Rosalie, or “blondie” as Jacob takes to calling her (it’s not like she deserves something more flattering) “was easier to ignore than I ever would have dreamed.” Wait til you’ve seen things from my side, Mr. Black.

* Jacob and Bella talk, with Bella snapping, “sounding a little more like the way she usually talked to me.” Oh you guys are such good friends.

More striking than that his how massively, how quickly, Bella’s got pregnant. “There was no way she could be pregnant. Not that pregnant. Except that she was.” Even a werewolf’s chained by ideas of normalcy.

Edward takes Jacob aside and explains why nobody’s done anything about this fetus, which is plainly killing its mother. Bella won’t let them. “Jeez, she was running true to form. Of course, die for the monster spawn. It was so Bella.” In a little bit we also get, “Make Bella see sense? What universe do you live in?” Although if you kind of think about it, that kind of awareness coupled with Meyer writing Bella in a minimalist fashion could be read as “Bella thinks this/acts this way because it’s the easiest way to advance the plot.”

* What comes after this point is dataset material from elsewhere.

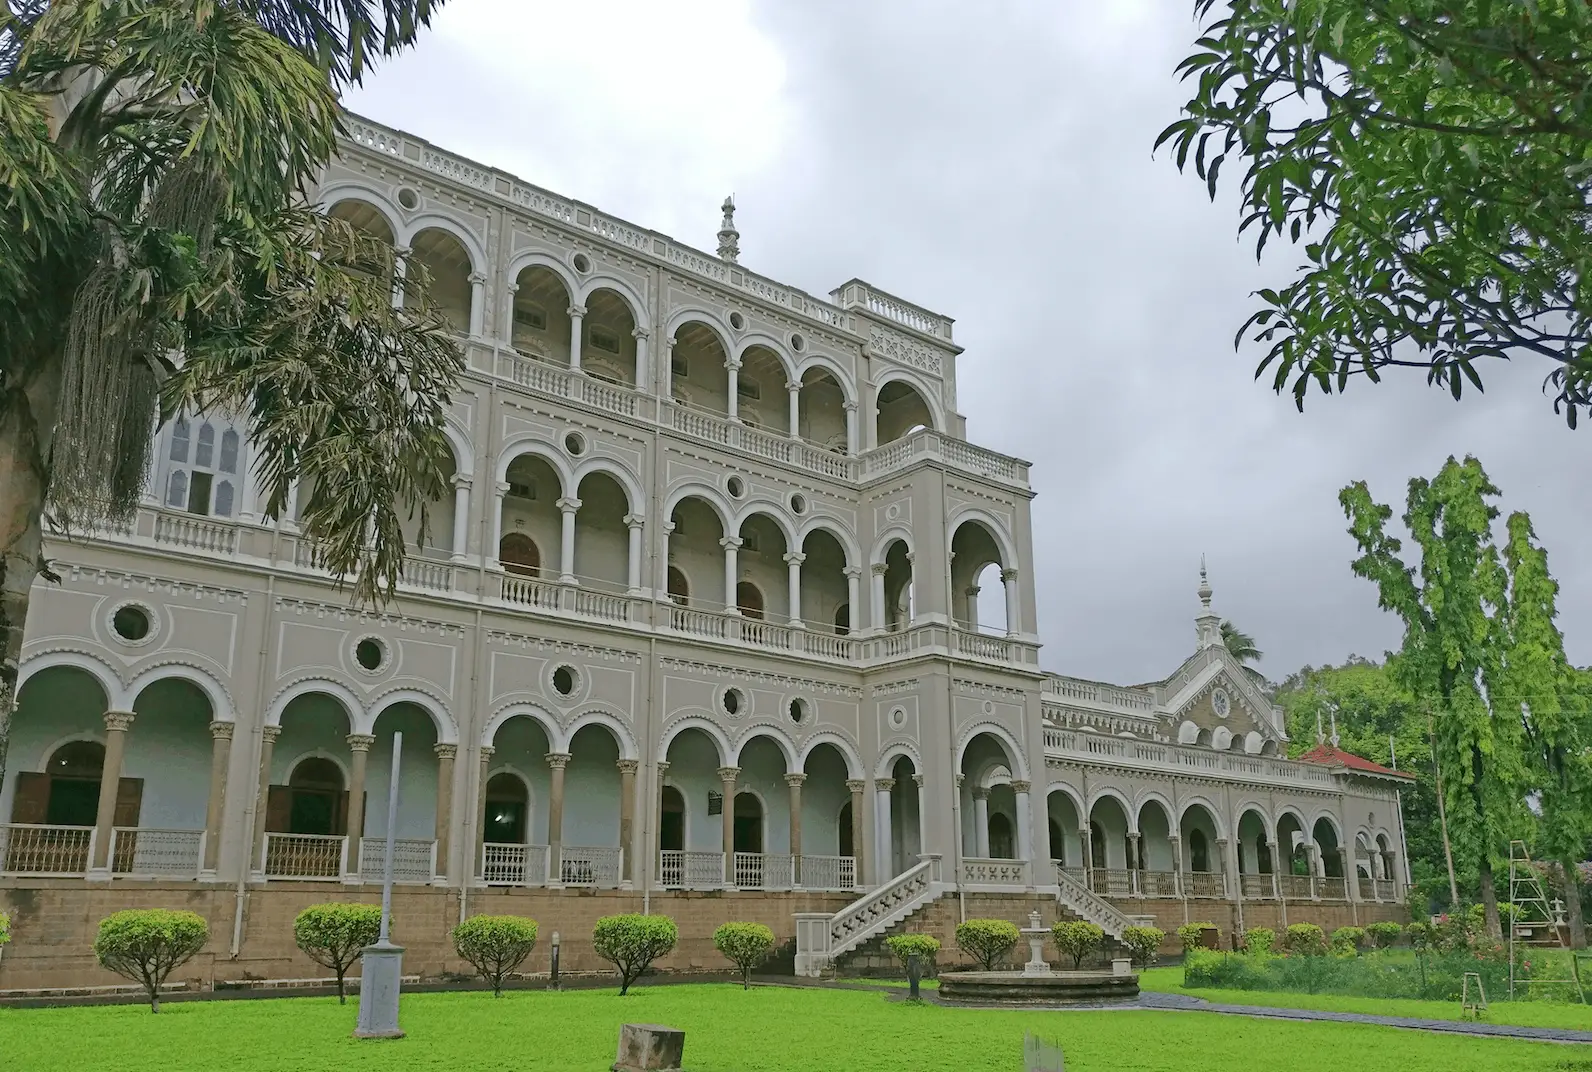 Aga Khan Palace in Pune, India

It’s a little bit nice the author seems to be acknowledging the shortcomings of her story, but you’d think she might take the opportunity to fix it. This is a perfect chance for everybody to grow up and fill out as characters. At the very least, she could explain why it’s laudable that Bella’s always so willing to throw her life away. Or when Edward says Jacob couldn’t possibly hate him as much as he hates himself.

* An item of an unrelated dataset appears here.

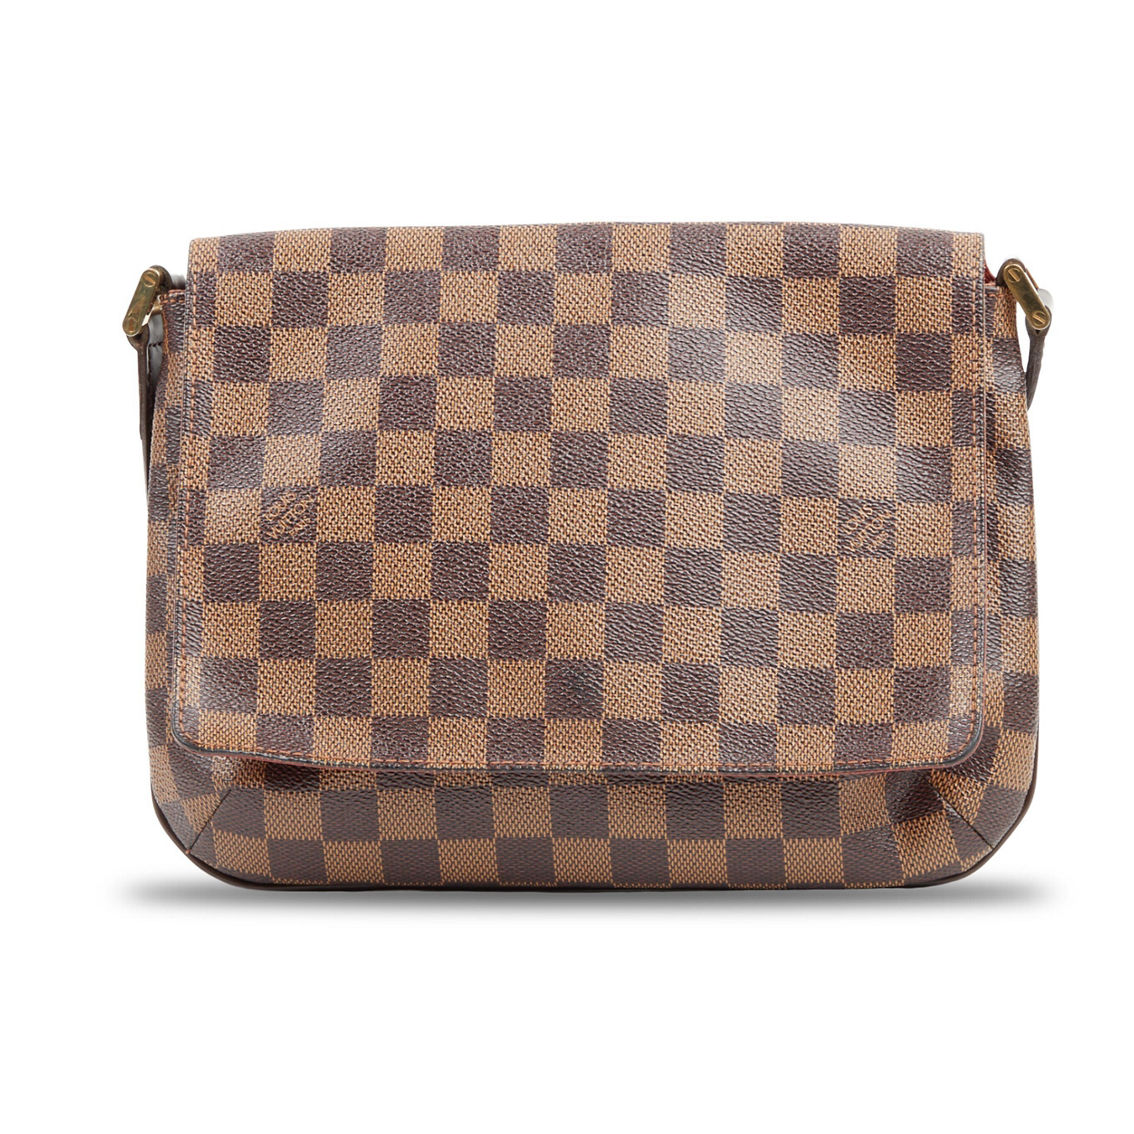 Louis Vuitton Musette Tango Damier Ebene In Good Condition Shoulder Bag

* Then Edward does something that’s earned him a lot more condemnation, but again this time…I’m not so sure.

He tries to get Jacob to talk Bella into aborting the baby, with the alternative of having “puppies” with Jacob instead. Who presumably won’t eat her from the inside out. Although I don't see any particular reason their wolf mojo couldn't manifest right in Bella's womb since she'd still be married to Edward and presumably still surrounded by vampires. Oh, like big, mature Bella could stand to be separated from Edward for nine months, and like Edward could resist the urge to be around to do everything for her, no matter how good an idea that would be.

The thing is, Edward doesn’t say that as a derogatory remark when he says it. He comes across as pretty desperate to save his wife’s life if that’s what it takes.

I don’t know if he’d be forcing his will on her if his family hadn’t lined up behind Bella, but…I believe for this moment he wants to save her. Besides, at literally every turn, Bella’s shown she needs to be protected from herself even more than all the vampires after her. I hate both of these characters, but Bella’s history of poor judgment and pointless attempts at sacrifice add up to a bigger negative on her side. And if I were reading this for the first time, how would I know what kind of hellspawn she’d be stubbornly releasing upon the world? This isn’t exactly Rosemary’s Baby, where you can sympathize with the character and get some inkling of why she loves her child even though he’s the frigging antichrist. Bella’s the idiot’s idiot and I’ve had, I think, good cause to hate her since she landed in Forks. Edward kind of wins by default.

* Jacob agrees to Edward’s plan, although I’m not sure if it’s the one to abort the fetus or to kill Edward when the baby kills her.